Artificial Intelligence Techniques for Audio, Image, and Multisensory Signal Processing

A special issue of Big Data and Cognitive Computing (ISSN 2504-2289). This special issue belongs to the section "Artificial Intelligence and Multi-Agent Systems".

Deadline for manuscript submissions: 27 January 2027 | Viewed by 1698

Special Issue Editor


E-Mail Website
Guest Editor
School of Engineering and Informatics, Department of Engineering, Pegaso University, 80143 Naples, Italy
Interests: artificial intelligence; acoustics and noise control
Special Issues, Collections and Topics in MDPI journals

Special Issue Information

Dear Colleagues,

The rapid evolution of machine learning, deep learning, and data-driven methodologies has considerably transformed signal acquisition, analysis, and interpretation tasks in many domains. Audio and image processing, traditionally performed by means of model-based and handcrafted approaches, increasingly benefit from AI methodologies that can learn directly from nonlinear representations of complex data. Moreover, the integration of heterogeneous sensory modalities has led to new perspectives on robust perception and intelligent decision-making in real-world environments.This Special Issue offers an open forum for comprehensive presentation of novel algorithms, methodologies, and applications where AI is effectively employed to improve the performance, efficiency, or interpretability of signal processing. It aims to close the gap between theoretical developments and applied research by highlighting state-of-the-art solutions and describing current challenges and future research directions. Complementary to available reviews and application-driven studies, this Special Issue aims to emphasize cross-domain methodologies and multisensory integration and encourage interdisciplinary dialogue between the signal processing and AI research communities. We welcome original research articles and reviews on topics including, but not limited to, sound and speech analysis, music information retrieval, computer vision, medical and industrial imaging, multimodal and sensor fusion, and real-time or embedded AI systems. Emerging topics of particular interest include explainable and trustworthy AI, data scarcity, transfer learning, and edge computing. Research areas may include (but are not limited to) the following:

  • Deep Learning Architectures for Audio and Speech Signal Processing
  • Artificial Intelligence Techniques in Image and Video Processing
  • Techniques in Multimodal and Multisensory Signal Fusion
  • Sound Event Detection, Acoustic Scene Analysis, and Audio Classification
  • Computer Vision and Image Understanding via AI
  • Machine Learning for Music Information Retrieval and Audio Content Analysis
  • Artificial Intelligence Methods for Signal Enhancement, Denoising, and Source Separation
  • Explainable and Interpretable AI in Signal Processing Apps
  • Edge and Embedded AI for Real-time Audio and Image Processing
  • Transfer Learning and Domain Adaptation in Signal Processing Tasks
  • Artificial Intelligence for Processing Biomedical and Medical Signals and Images
  • Approaches to Data-Driven Environmental and Urban Signal Observation
  • Self-Supervised and Unsupervised Learning for Audio and Image Signals
  • AI Methods for Sensor Networks and Multisensor Data Integration
  • Reliable, Trustworthy, and Ethical AI in Signal Processing Systems

We look forward to receiving your contributions.

Dr. Giuseppe Ciaburro
Guest Editor

Manuscript Submission Information

Manuscripts should be submitted online at www.mdpi.com by registering and logging in to this website. Once you are registered, click here to go to the submission form. Manuscripts can be submitted until the deadline. All submissions that pass pre-check are peer-reviewed. Accepted papers will be published continuously in the journal (as soon as accepted) and will be listed together on the special issue website. Research articles, review articles as well as short communications are invited. For planned papers, a title and short abstract (about 250 words) can be sent to the Editorial Office for assessment.
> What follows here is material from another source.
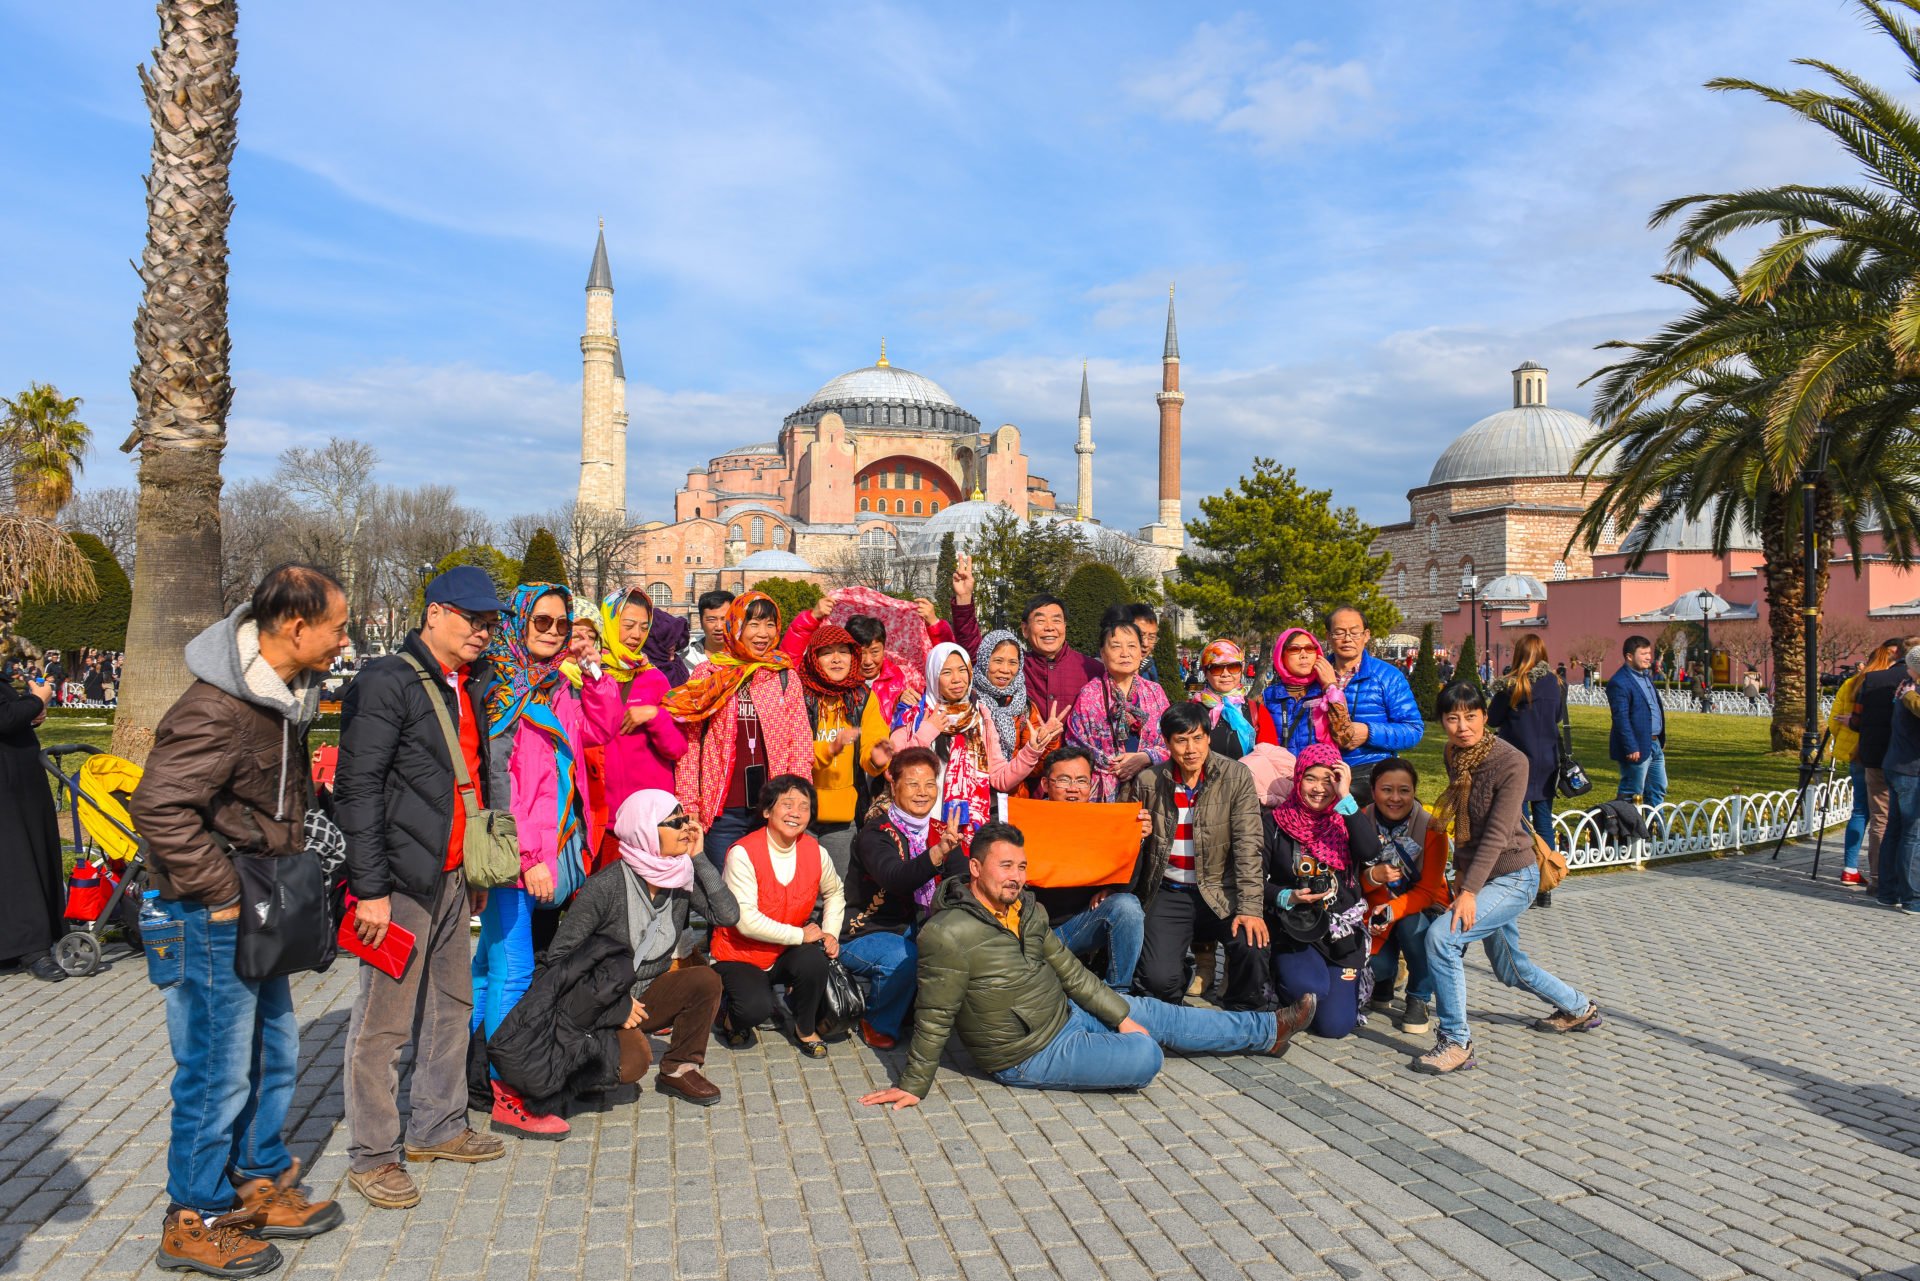 Праздники в стамбуле. Стамбул туристы. Турция туризм. Стамбул фото туристов. Стамбул для туристов экскурсии.

Submitted manuscripts should not have been published previously, nor be under consideration for publication elsewhere (except conference proceedings papers). All manuscripts are thoroughly refereed through a single-blind peer-review process. A guide for authors and other relevant information for submission of manuscripts is available on the Instructions for Authors page. Big Data and Cognitive Computing is an international peer-reviewed open access monthly journal published by MDPI.

Please visit the Instructions for Authors page before submitting a manuscript. The Article Processing Charge (APC) for publication in this open access journal is 1800 CHF (Swiss Francs). Submitted papers should be well formatted and use good English. Authors may use MDPI's English editing service prior to publication or during author revisions.

Keywords

  • artificial intelligence
  • signal processing
  • audio processing
  • image processing
  • multisensory data
  • deep learning
  • multimodal fusion
  • machine learning
  • computer vision
  • acoustic analysis

Benefits of Publishing in a Special Issue

  • Ease of navigation: Grouping papers by topic helps scholars navigate broad scope journals more efficiently.
  • Greater discoverability: Special Issues support the reach and impact of scientific research. Articles in Special Issues are more discoverable and cited more frequently.
  • Expansion of research network: Special Issues facilitate connections among authors, fostering scientific collaborations.
  • External promotion: Articles in Special Issues are often promoted through the journal's social media, increasing their visibility.
  • Reprint: MDPI Books provides the opportunity to republish successful Special Issues in book format, both online and in print.

Further information on MDPI's Special Issue policies can be found here.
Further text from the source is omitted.